Audit regularly. Once per quarter is a good cadence for most accounts. If you're growing quickly or running paid campaigns, monthly audits catch issues faster.

Frequently Asked Questions

What percentage of Twitter followers are typically fake?

Research estimates that 5 to 15% of all X accounts are bots or fake. Larger accounts tend to attract more bots simply due to visibility. An account with 100,000 followers having 8 to 12% fake followers would be within normal range. Above 15% warrants investigation.

Can I remove fake followers from my account?

You can block individual fake accounts, which removes them from your follower list. There's no mass-removal tool provided by X. Periodic platform-wide bot purges by X also reduce fake followers automatically. The most practical approach is to block the most obvious bots and focus on growing real engagement.

Do fake followers hurt my account's reach?

Yes, in two ways. First, they reduce your engagement rate (a metric algorithms and potential partners evaluate).

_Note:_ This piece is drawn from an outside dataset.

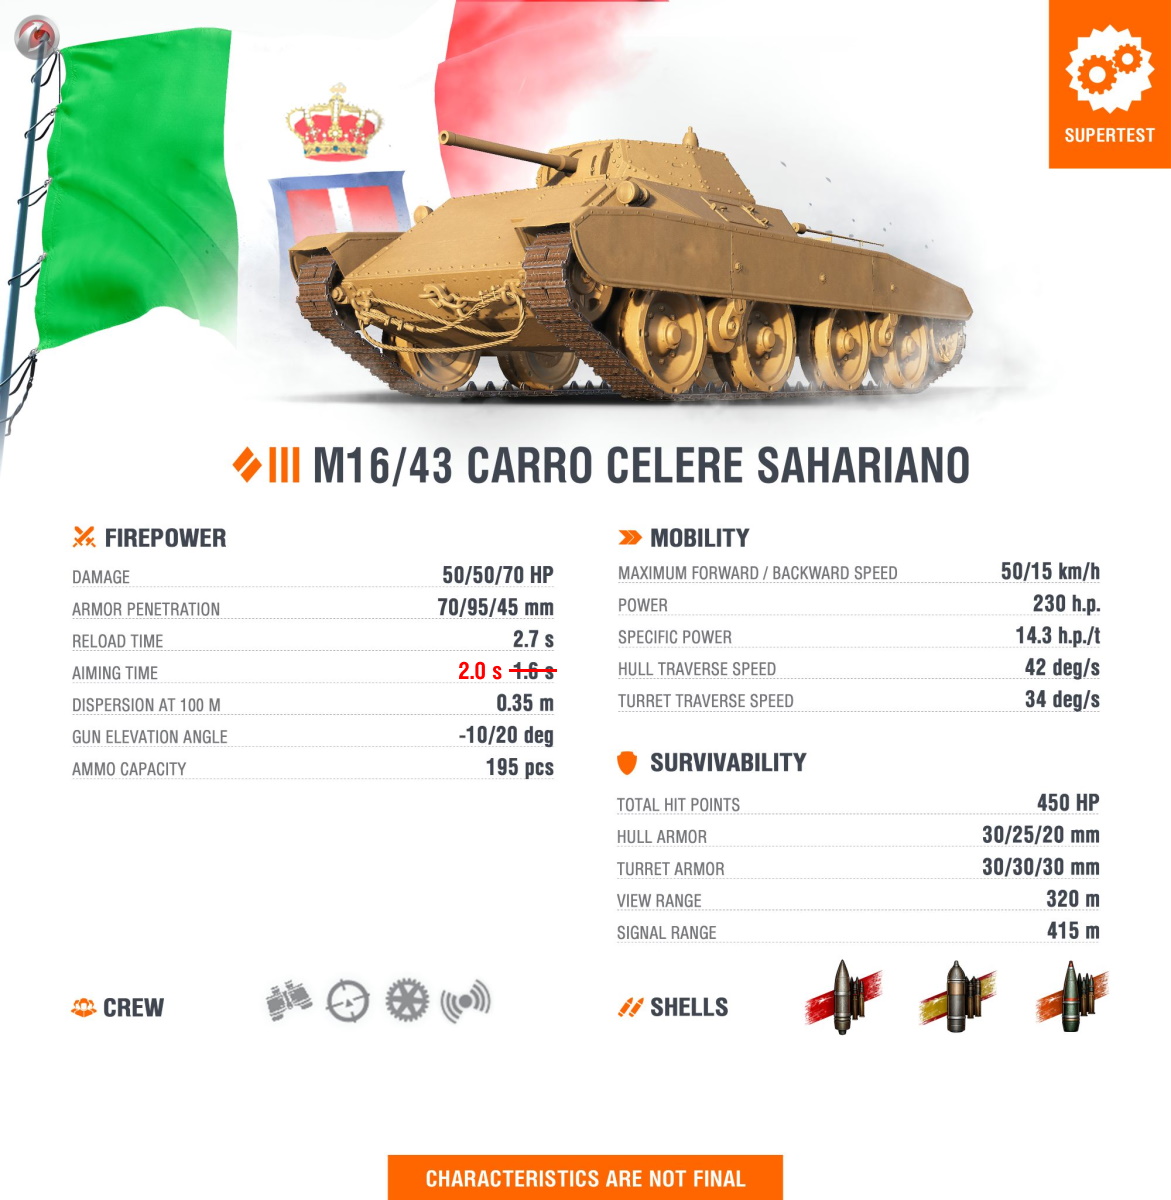 M16/43 Sahariano Statcard (with updated firepower stat as of 23 Sept 2022)

Second, if X's algorithm factors engagement rate into distribution decisions, lower engagement means your tweets may be shown to fewer real followers.

Should I use a tool that asks for my Twitter password to audit followers?

No. Legitimate audit tools only need a public username. Any tool that asks for your X password is almost certainly a phishing attempt. twtData's Bot Detector requires only the username of the account you want to analyze.

How often should I audit my followers?

Quarterly audits are sufficient for most accounts. If you're an influencer negotiating brand deals, monthly audits help you maintain clean metrics. If you notice a sudden unexplained follower spike, audit immediately to determine if it's a bot influx.

Can I tell if a specific influencer bought followers?

No tool can definitively prove a purchase, but the signs are strong: a sudden spike of thousands of followers in a single day (not correlated with viral content), a high fake follower percentage (30%+), and low engagement relative to follower count all suggest purchased followers. twtData's Bot Detector and Profile Tracker together can identify these patterns.